Omit every picture while repeating the entries exactly.

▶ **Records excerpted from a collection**
************

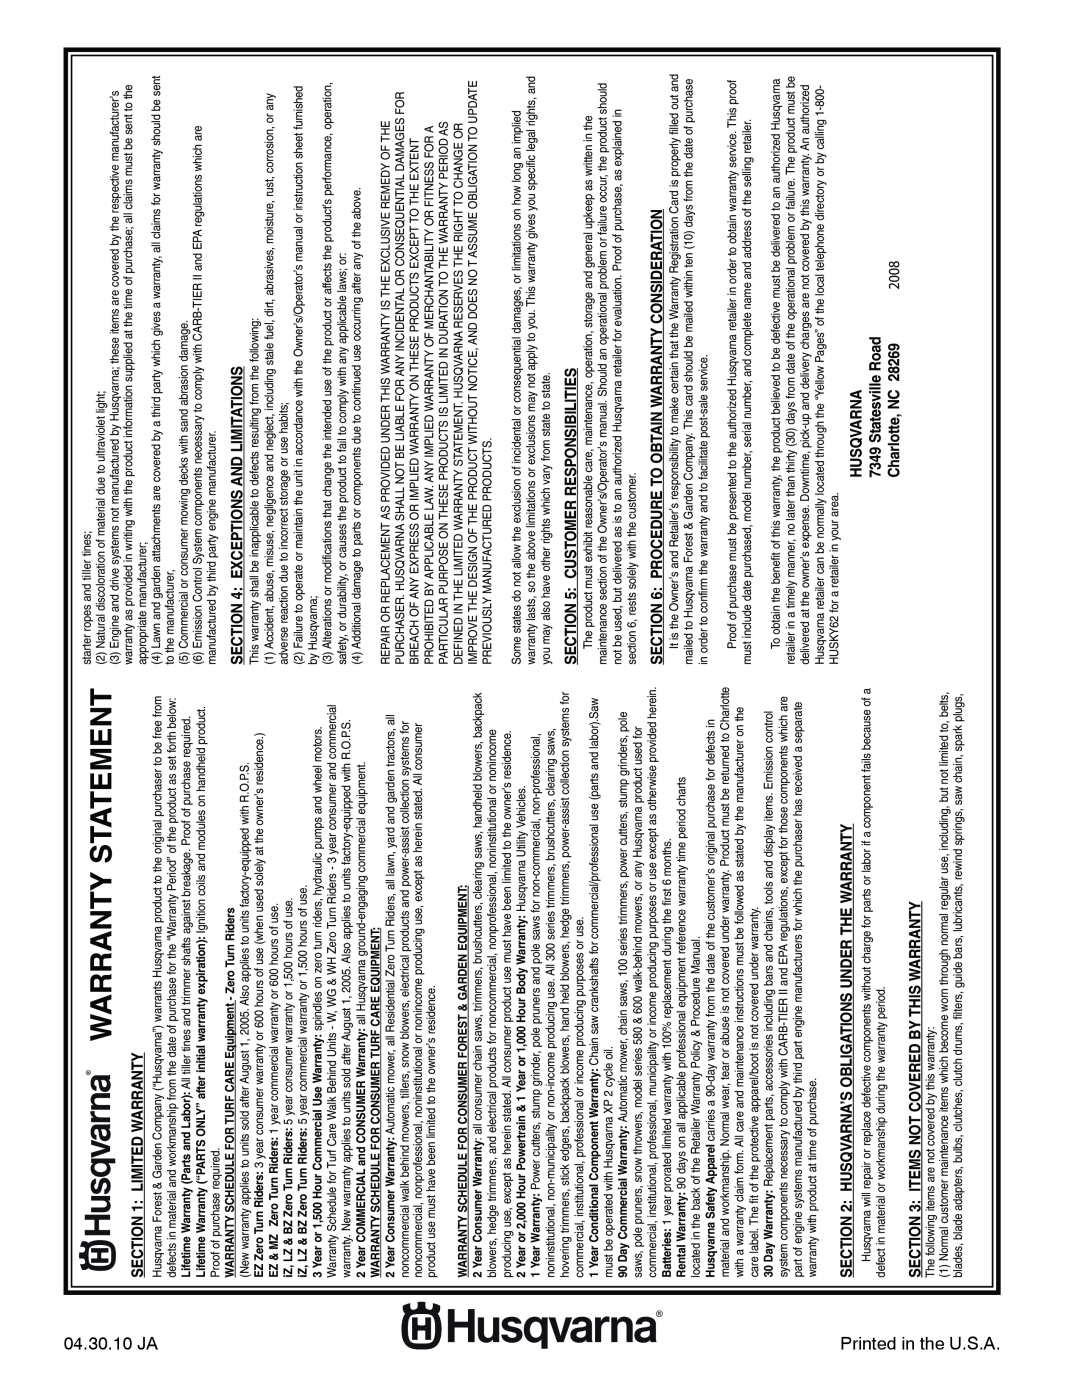 Husqvarna 917.289570 Warranty Statement, 2008, Charlotte, NC, WARRANTY SCHEDULE FOR TURF CARE Equipment - Zero Turn Riders 
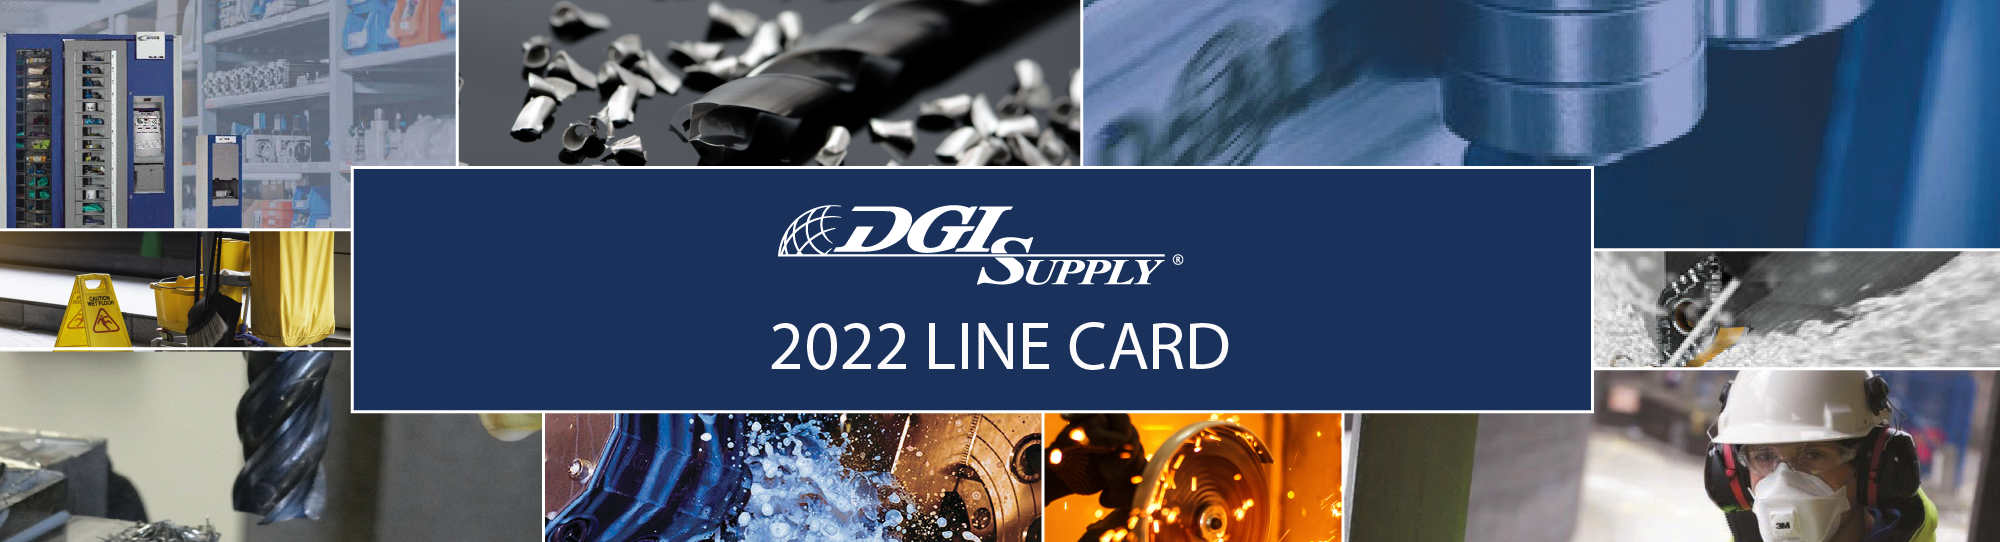 2022 Line Card
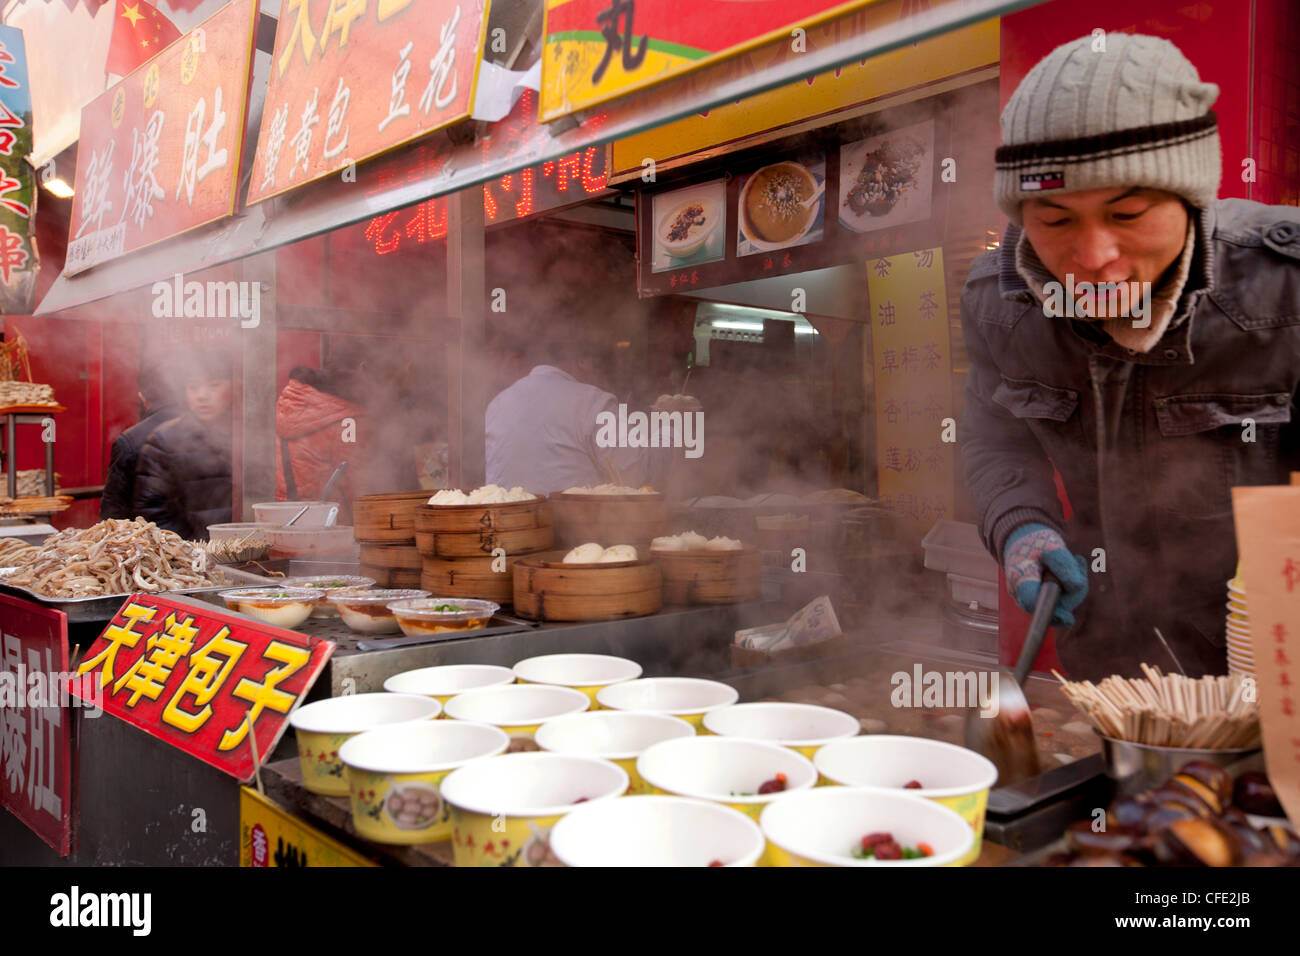 Chinese food, Wangfujing Snack Street, Beijing China Stock Photo
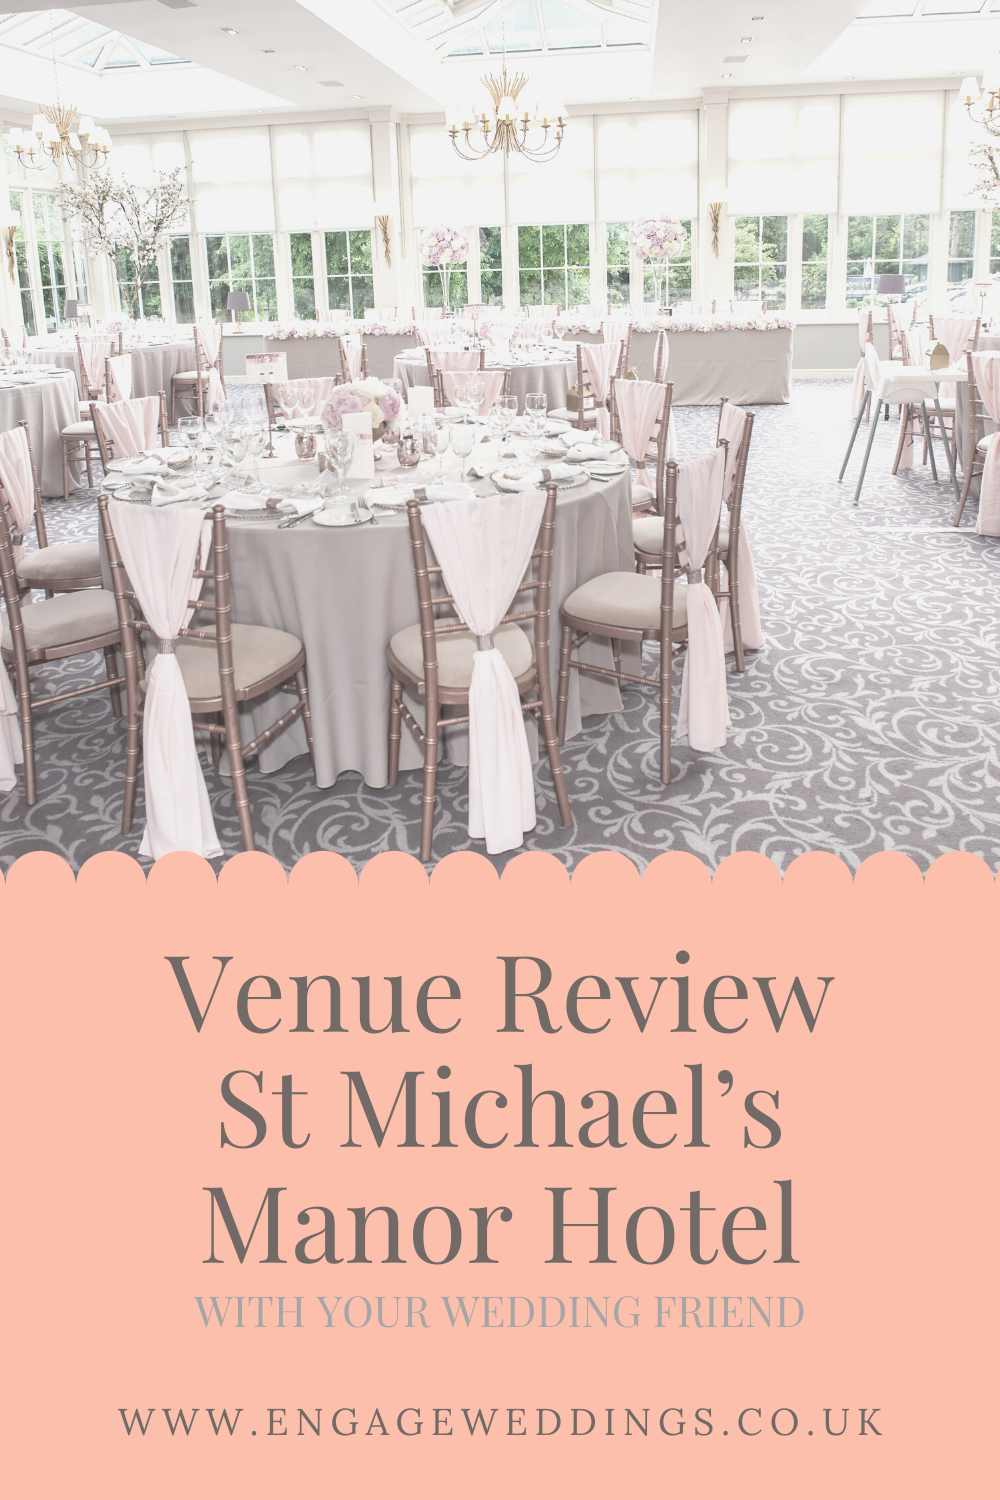 Venue Review - St Michael’s Manor Hotel_engageweddings.co.uk
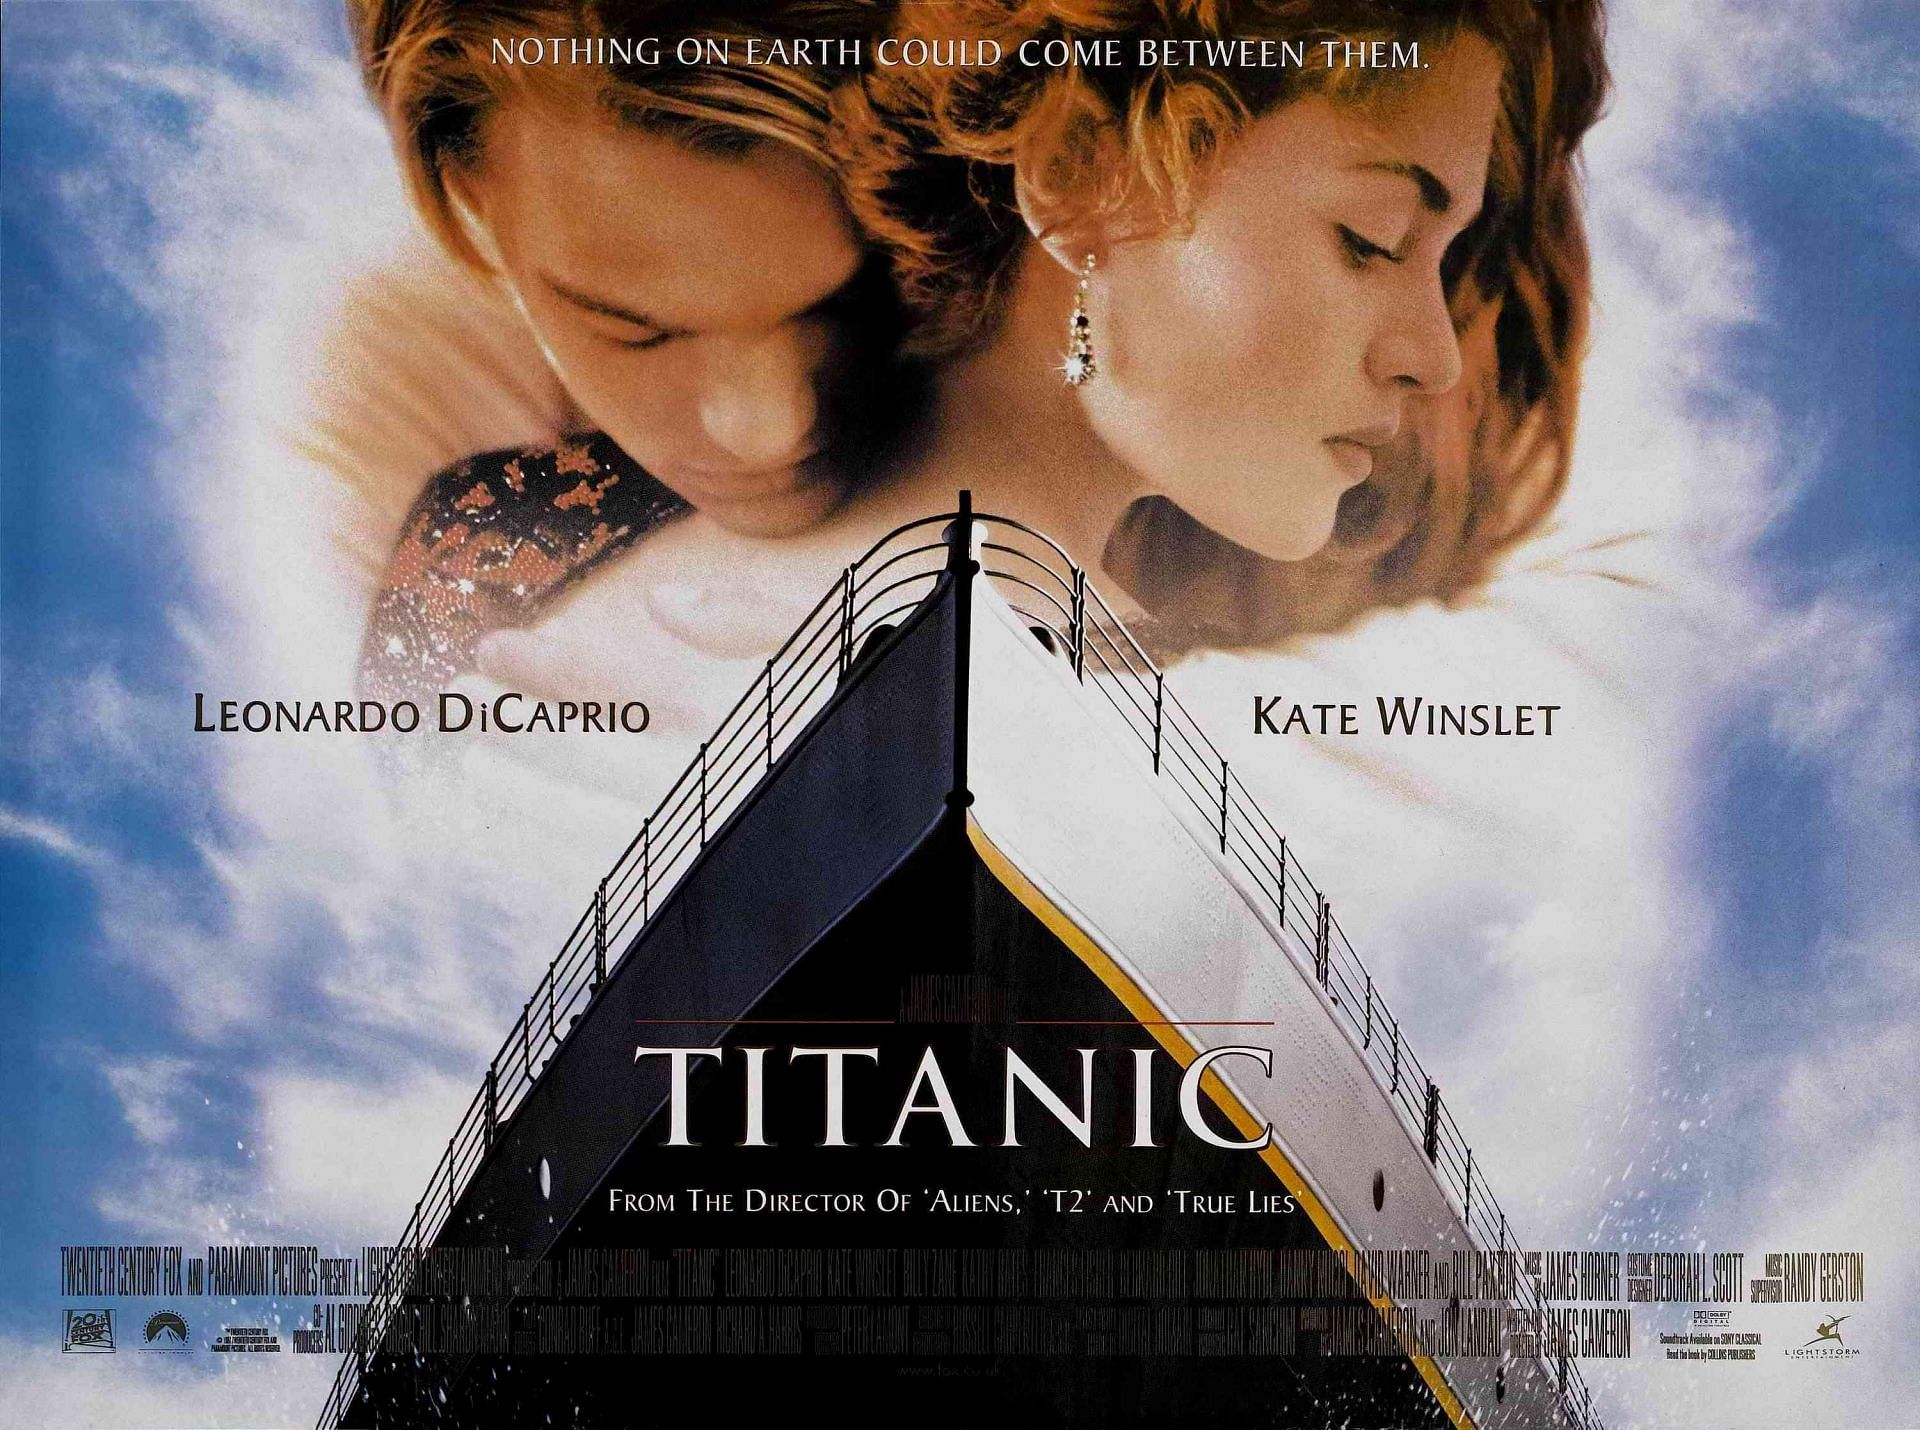 Titanic (Image via 20th Century Studios)

************

▶ **TASK ANSWER**
 Husqvarna 917.289570 Warranty Statement, 2008, Charlotte, NC, WARRANTY SCHEDULE FOR TURF CARE Equipment - Zero Turn Riders 
 2022 Line Card
 Chinese food, Wangfujing Snack Street, Beijing China Stock Photo
 Venue Review - St Michael’s Manor Hotel_engageweddings.co.uk
 Titanic (Image via 20th Century Studios)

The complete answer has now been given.